Editor’s Note: If you want to experiment with tarot cards and don’t have any, we provide a free tarot spread generator using the Celtic Wings spread, which is based on the traditional Celtic Cross spread. This article explains how to use the spread. You can visit Sarah’s website here. –efc
By Sarah Taylor

This week’s article follows on from the two previous articles on the Celtic Cross (Part I — An introduction and Part II — Reading the Cross). This morning, I drew the remaining four cards, which form the ‘staff’ section of the reading, and I’ll explore these here as a separate unit (with a few exceptions), before revisiting the reading as a whole in a couple of weeks’ time.
Overview of the staff
What a spread! Four figures of authority, one court card, three major arcana cards. All of them are rulers over a particular domain: Creativity (King of Wands), the meeting of the spiritual and the physical (The Hierophant), balance and accountability (Justice), and intuition (The High Priestess).
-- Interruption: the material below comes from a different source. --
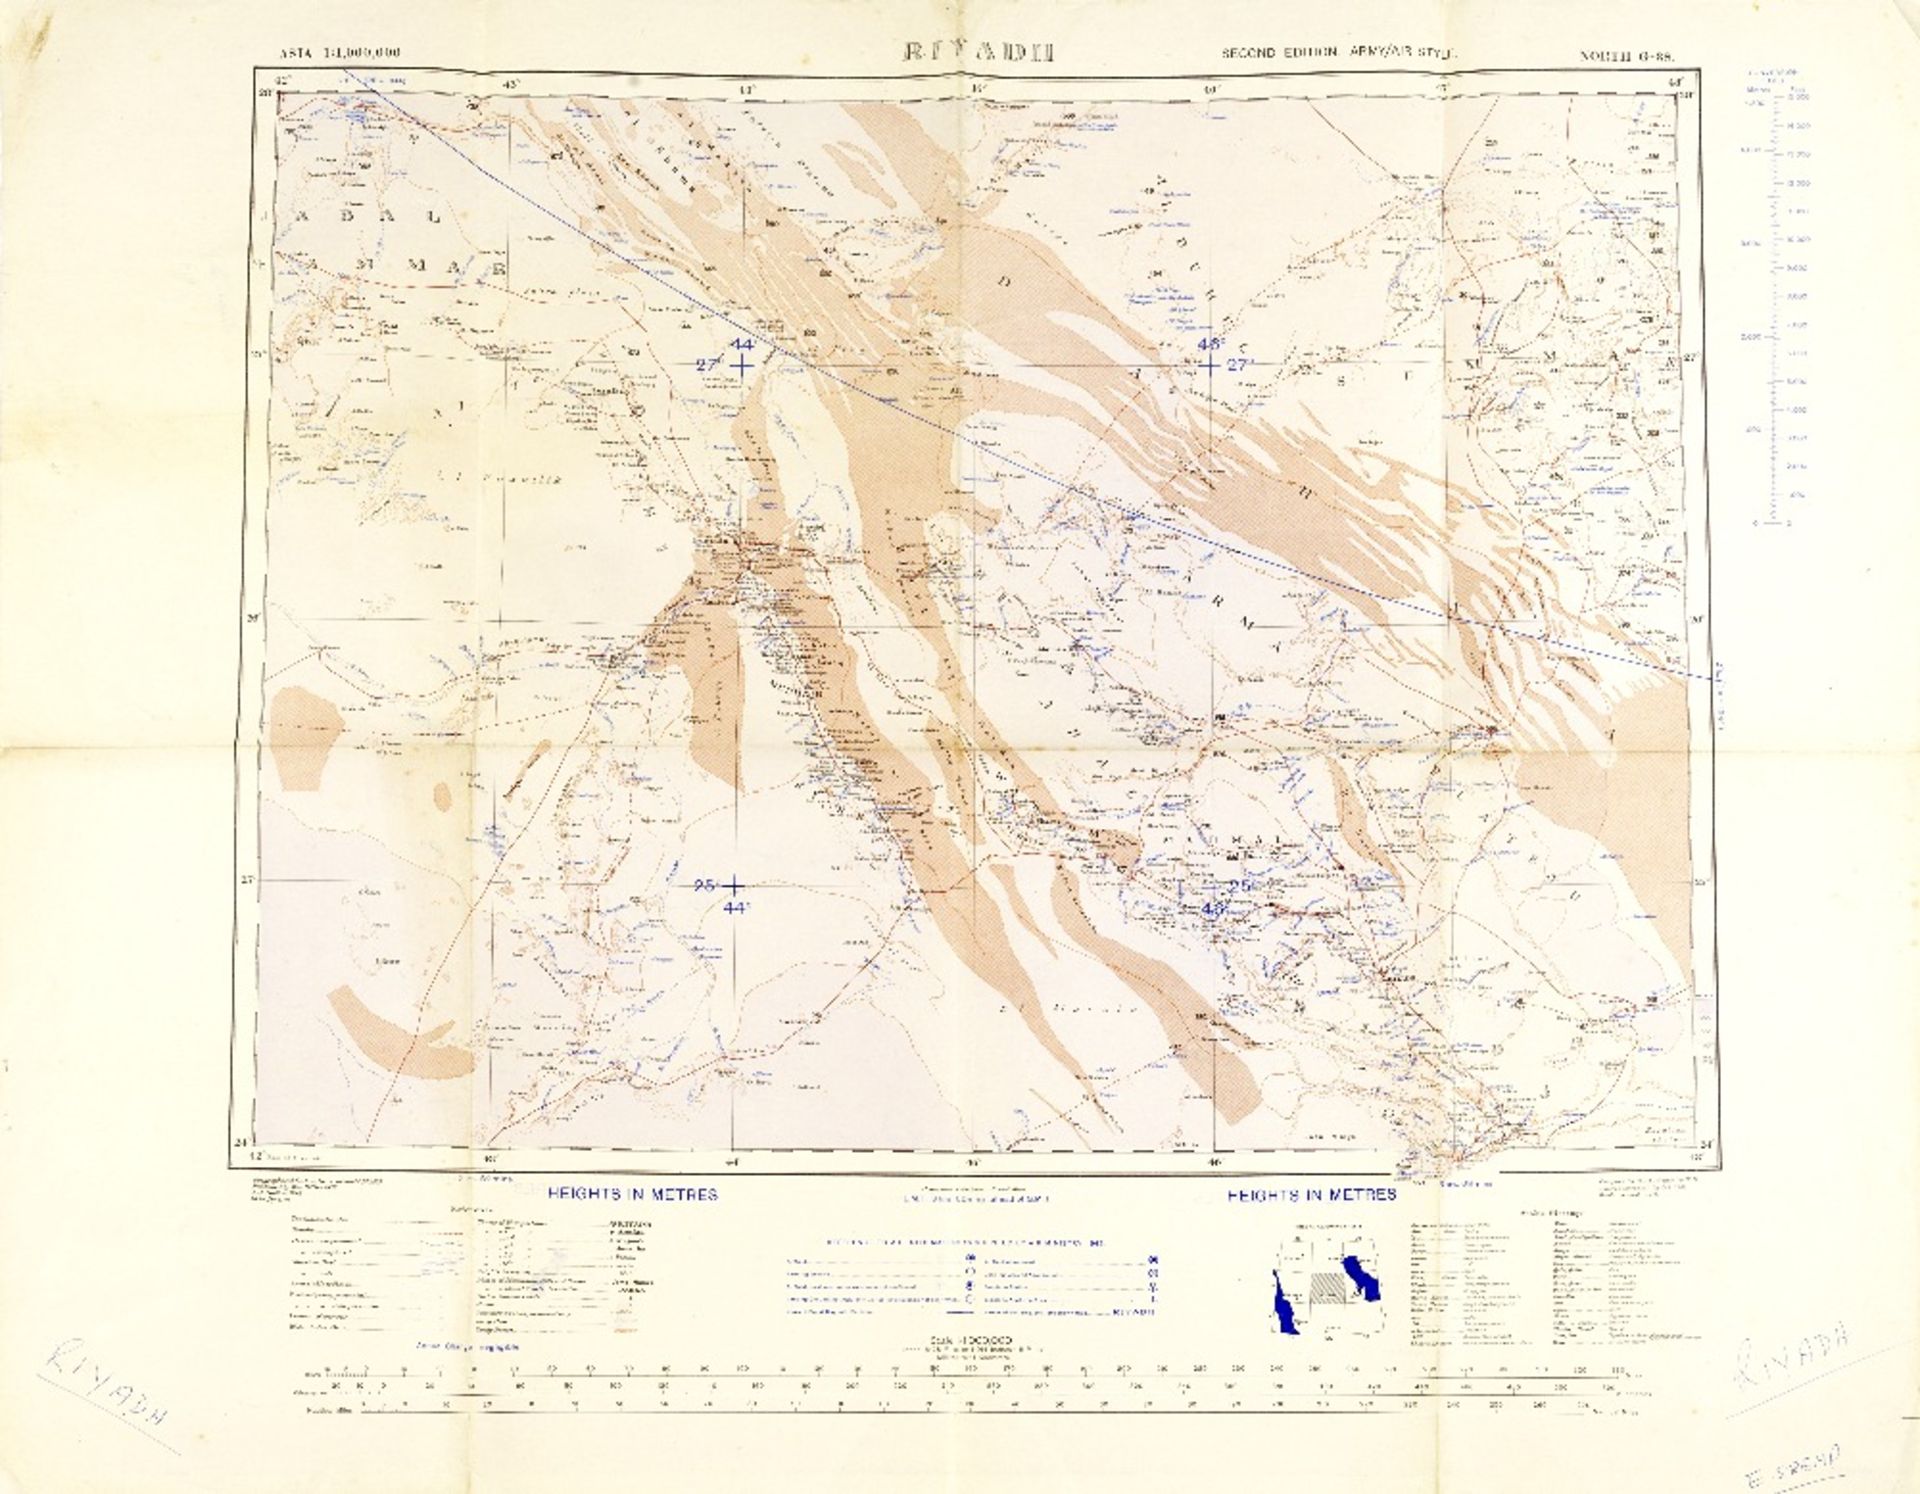 RIYADH, SAUDI ARABIA War office map of Riyadh, Geographical Section, War Office, 1945

All three male figures are clothed in red; the Priestess is in blue. This seems fitting because the male figures are of the world, while the High Priestess inhabits what I have referred to as the ‘liminal world’ — the world that lies between worlds. The red of the men’s gowns is flesh-like, more physical. The Priestess’s gown is watery, like the lunar world she inhabits. She also sits on top, balancing out, like the Moon in the sky, all the fleshy male energy beneath her.
Also, all four figures are seated on thrones, and, apart from the King, all of them are flanked by pillars. This seems significant to me: the major arcana — the archetypal figures we embody and express through the process of individuation — seem to be enclosed in a strong, ‘funnel-like’ structure created by the pillars, which form an extended column down most of the staff. Taking it from that structural point of view, it feels like each one feeds into the other, and finally down into the King. Does this fly in the face of the traditional interpretation of the staff, which flows in chronological order from bottom up?
I don’t think so. From my point of view, time is a construct, and if we sit with the possibility that it isn’t simply linear, then it may well be that the energy of the Outcome card is already starting to influence the King as he sits on his throne at the bottom of the staff.
Finally, the King sits side-on, a recipient of this energy who demonstrates, by his body language, that he is ready and able to draw on it and act on it by moving out into the world. As the only minor arcana card, he is not constrained by the limits of the archetype that the other three inhabit, but can embody all three actively.
7. You (or Your Client) — King of Wands
“This card describes the qualities that the client brings with them to the reading: what they are, and what they are capable of achieving. This card is the archetype they are embodying at this moment in time, and one which, like the tools above, remains available to them.”
Two Kings (the other is in the cross part of the spread, linked to above) and a whole lotta Wands. The King of Wands as you ties in with and further strengthens the themes of the emergence of creative drive and of evolution of the Self — an increased assuming of authority over who you are and the powers that you have at your disposal.